We've written before about the importance of being your own health advocate. One of the best ways of doing this is to educate yourself (they don't say 'Knowledge is power' for nothing, after all). How can you do this? One way is to be prepared. In just five easy steps, you can achieve this in a cinch:

  1. Do research ahead of time - learn about symptoms you think you may be experiencing, read up about (a) condition(s) you may have.
  2. Write down a list of things you'd like to address, such as concerns you may have, any major life changes that you've experienced, questions you may have.
  3. Prior to going to the doctor, be sure to sit down and think about these things so you are able to make the most out of the short time you are there.
  4. Bring a list of medications (including vitamins and supplements!) you are currently taking and anything else you'd like to address.
  5. Be sure to bring something to take notes on and/or even a voice recorder (with the permission of your doctor, of course).

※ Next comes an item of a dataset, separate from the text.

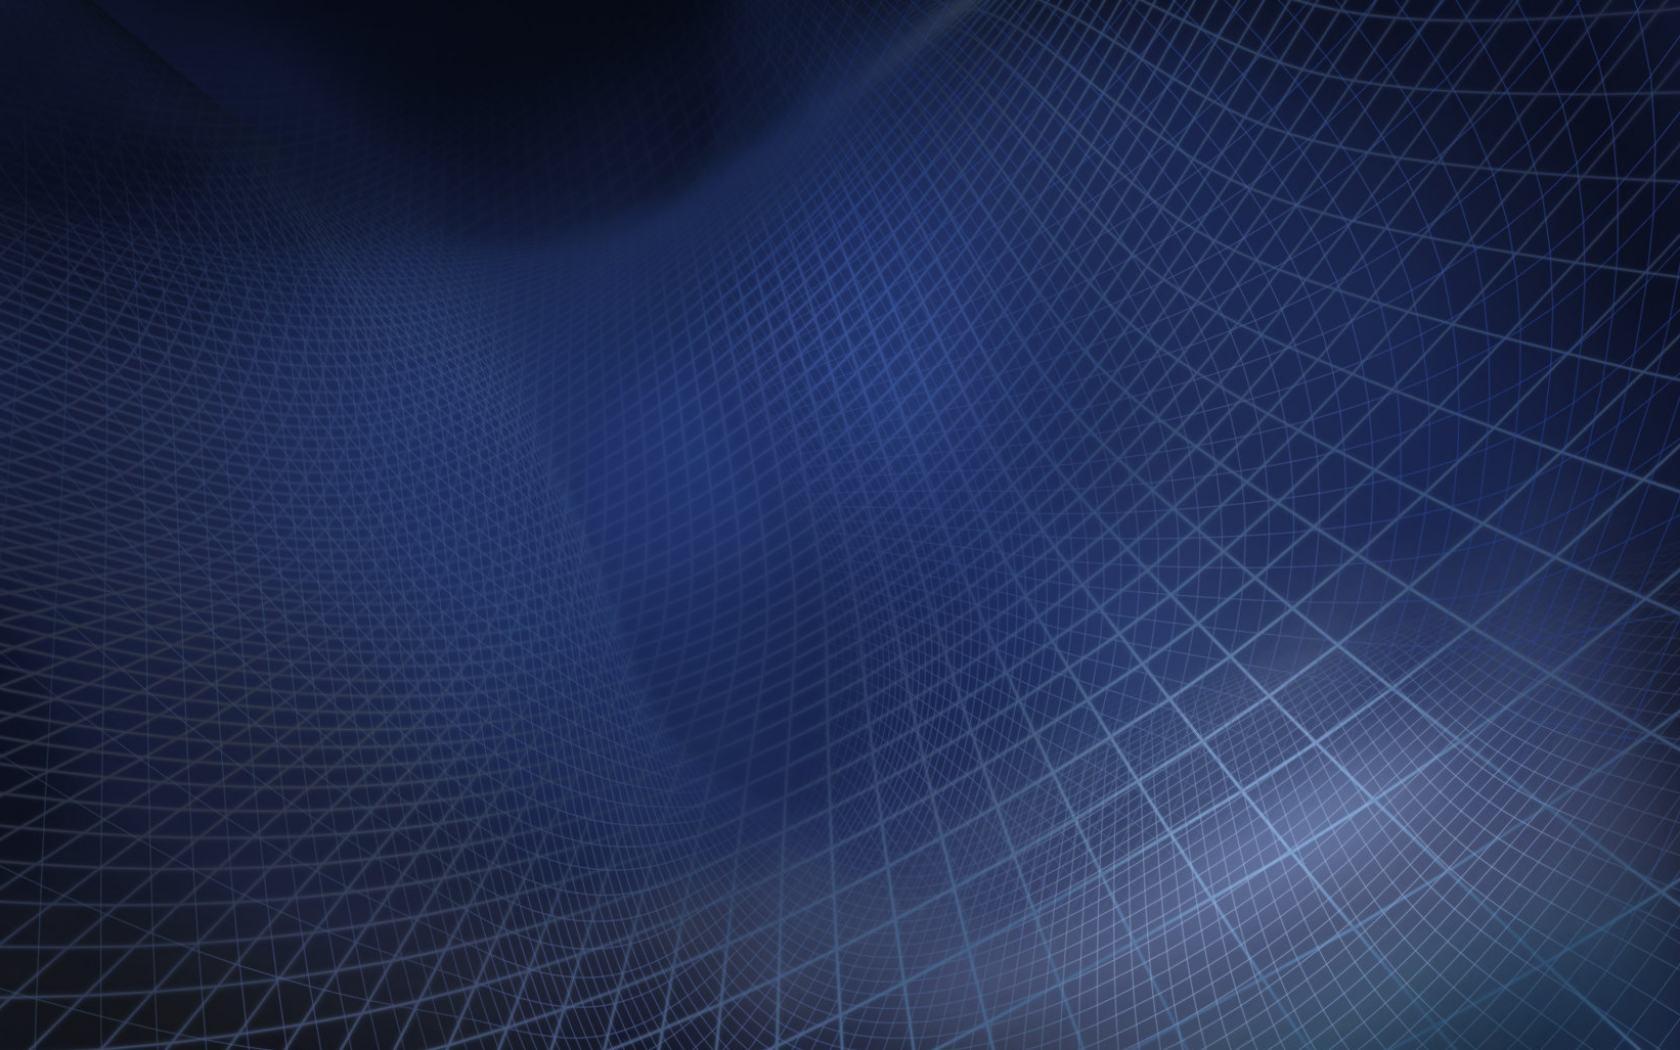 Синяя клетка абстрактные обои 1680x1050
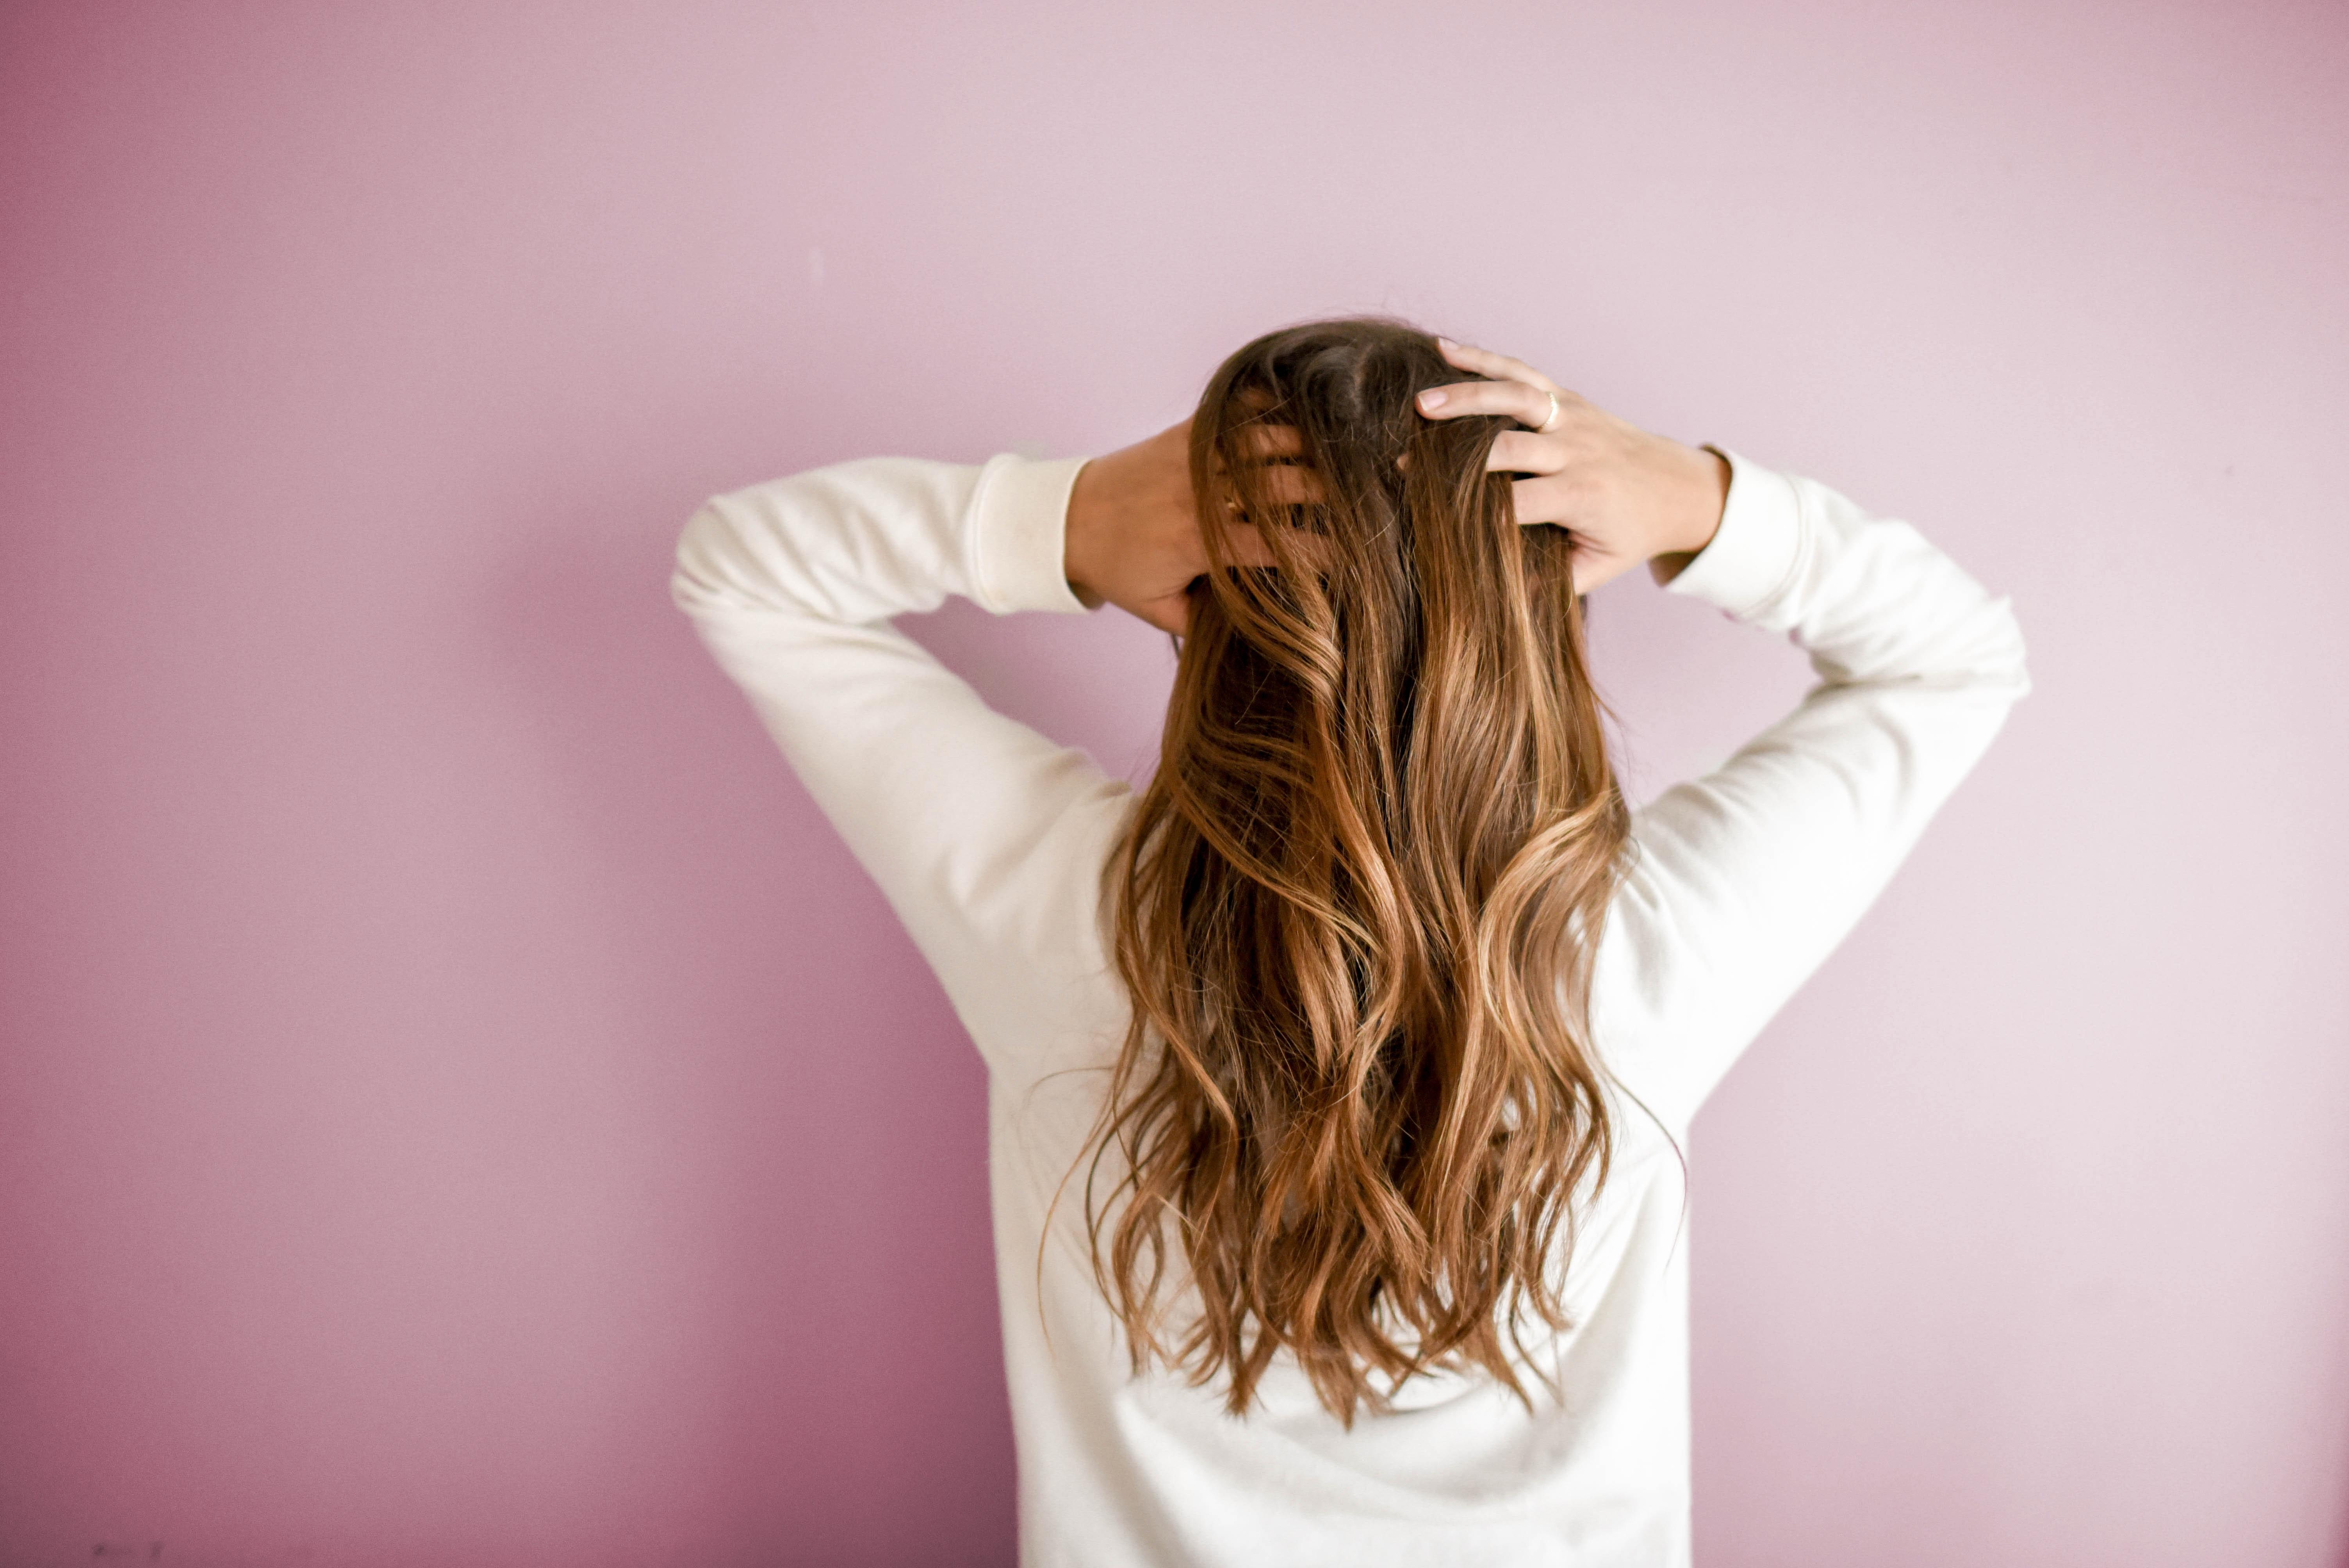 1000 Great Hair Photos Pexels Free Stock Photos

We love the idea of making a list. Making a list will not only help you to remember the things you'd like to address, but it will also help you stick to the point and communicate clearly. From young children to seniors, many people are afraid of going to the doctor because it can make them feel vulnerable, but having a list of questions and being educated can help anybody regain some control and feel more confident.

That's why we've come up with a series of checklists to jump-start your journey to health advocacy. From "Questions to Ask About Drug Treatment" to "Questions to Ask About Cholesterol" and more, our Resources serve to empower you to "take the wheel" and never look back. See for yourself.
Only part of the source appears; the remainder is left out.